Dying Mom Confirmed as Capable When Removing Two of Three Kids in Will
A dying, cancer-ridden mother decided to cut two of her three grown children out of her Will. Should the court overturn it after her death?
Not according to the Ontario Court of Appeal in a recent case called Di Nunzio v. Di Nunzio.
The facts involved a woman named Rosalba, who died at age 80 leaving what turned out to be a hotly-contested Will. Although she had three now-adult children – Robert, Lucia, and Teresa – Rosalba’s 2017 Will expressly disinherited the first two of them, leaving daughter Teresa to be the sole beneficiary and estate trustee.
Not surprisingly, the disinherited offspring felt aggrieved. One of them, Lucia, brought a court application: She objected that her mother simply did not have legal capacity when the Will was made, which was about 16 months before her death. Lucia pointed to Rosalba’s spreading cancer and declining health, her chronic pain, and the effects of her treatment and heavy medication. Her brother Robert was also able to testify that some days his mother Rosalba’s pain was so severe that she could not even engage in conversation. Lucia claimed her gravely ill mother had been unduly influenced, and that the circumstances were “suspicious”.
On this basis, Lucia asked the court to have her sister Teresa’s Certificate of Appointment as Executrix set aside, and to have Rosalba’s Will be declared invalid and unenforceable.
At trial, the judge declined to make such an order.

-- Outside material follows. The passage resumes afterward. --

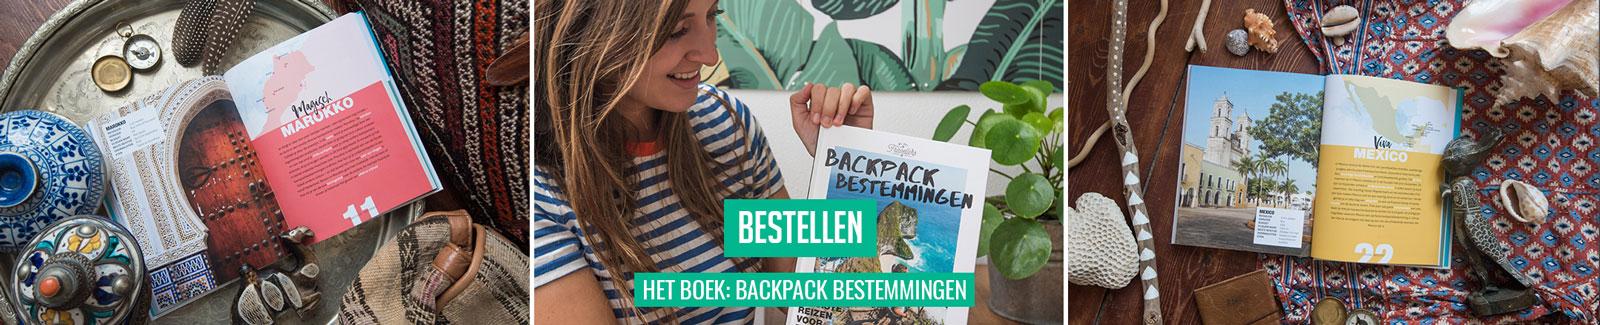 Boek Backpack Bestemmingen bestellen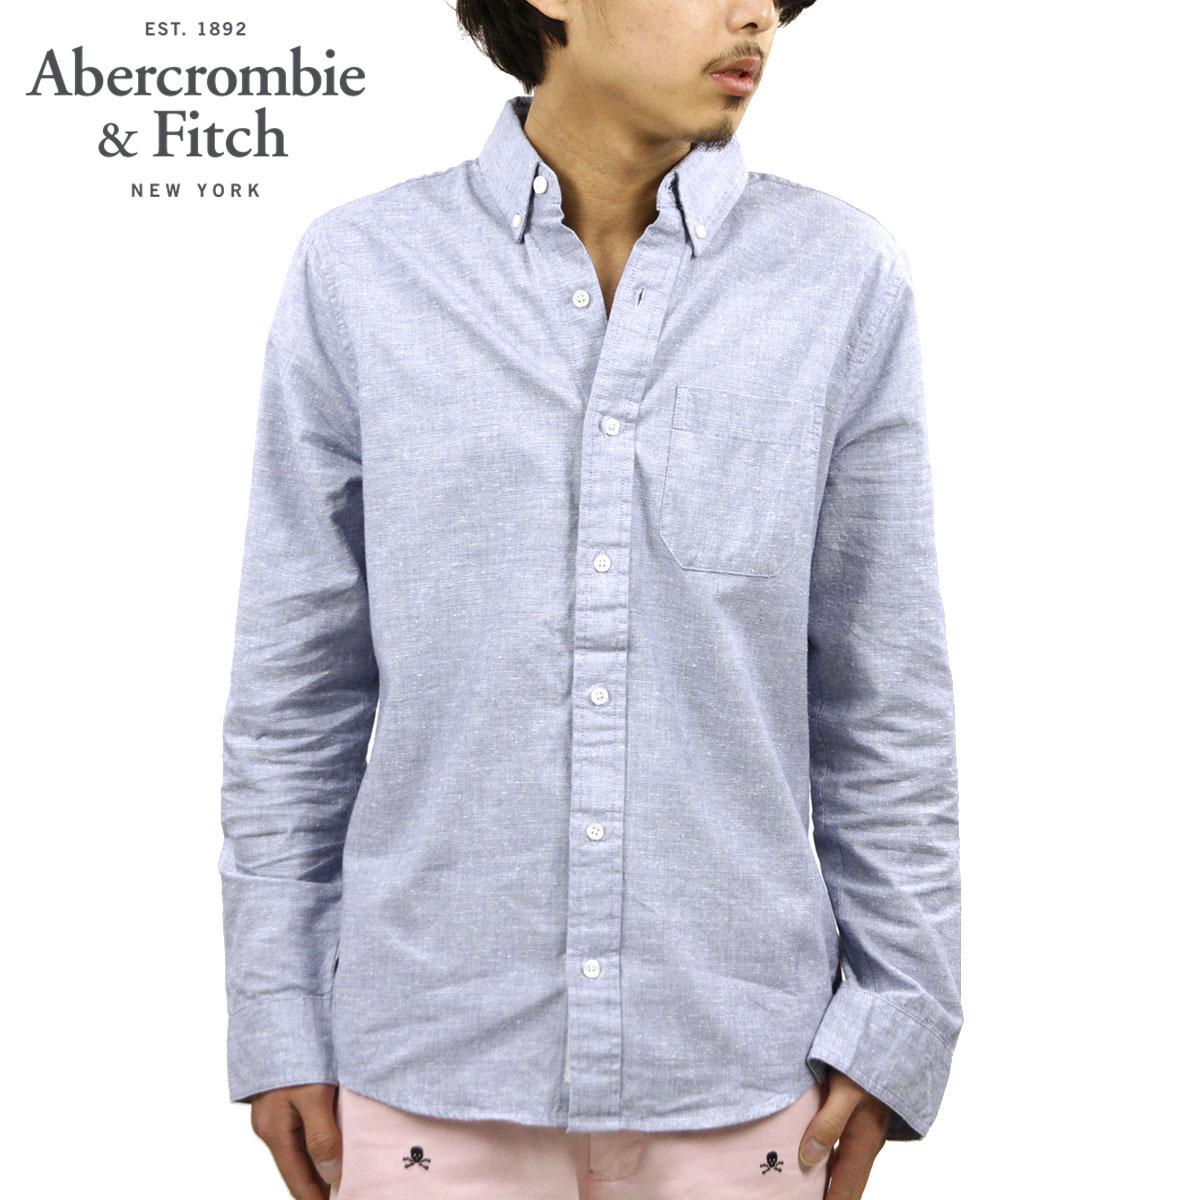 アバクロ Abercrombie&Fitch 正規品 メンズ 長袖シャツ TEXTURED SHIRT 125-168-2155-222 D00S20

Lucia appealed, but the Court of Appeal upheld the earlier ruling. Rosalba’s Will was declared valid.
The Court confirmed that the mere fact Rosalba had advanced cancer and was heavily medicated did not – by itself – establish lack of legal capacity. There were well-established legal tests and rebuttable presumptions that went into that determination.
When those tests were applied to the facts, the evidence “amply supported” the conclusion that Rosalba
… had the requisite testamentary capacity, notwithstanding her illness and the effects of her treatment and medication, and was not under any influence but only guided by her own alert good judgment when she made her March 1, 2017 will which was not surrounded by suspicious circumstances.
That “alert good judgment” arose partly from the fact Rosalba apparently did not financially trust her daughter Lucia, who had a long history of drug and alcohol abuse. The relationship between them was fraught and tumultuous. It was also no secret that in 2015, Rosalba had made an earlier version of her Will that likewise disinherited Lucia outright. That move had been prompted by the revelation that Lucia had taken – but not replaced – a large sum of money from Rosalba’s bank account just as she was going through chemotherapy.
The Appeal Court looked at other facts as well. These included the conflicting evidence from both sibling “factions”, as well as the testimony of independent witnesses, such as the lawyer who drafted Rosalba’s last Will for her after getting clear instructions.
When viewed as a whole, the evidence collectively led to the conclusion that Rosalba had full testamentary capacity when she made the 2017 Will. It conveyed a “firm and clear” intent to exclude Lucia on account of her addiction problems. (And her brother Robert was excluded, the Court added, because Rosalba trusted her other daughter Teresa to take care of him after her death). It had been properly executed, and Rosalba knew and approved its contents when she signed. None of Lucia’s allegations of undue influence or “suspicious” circumstances were made out here.
The court said:
While it is clear in the 2016-17 period leading up to the Will that Rosalba had good days and bad days, there is no evidence that her health, treatments, or pain medication had any effect on her mentally at the material times. In fact, the evidence of [independent witnesses] establishes the opposite.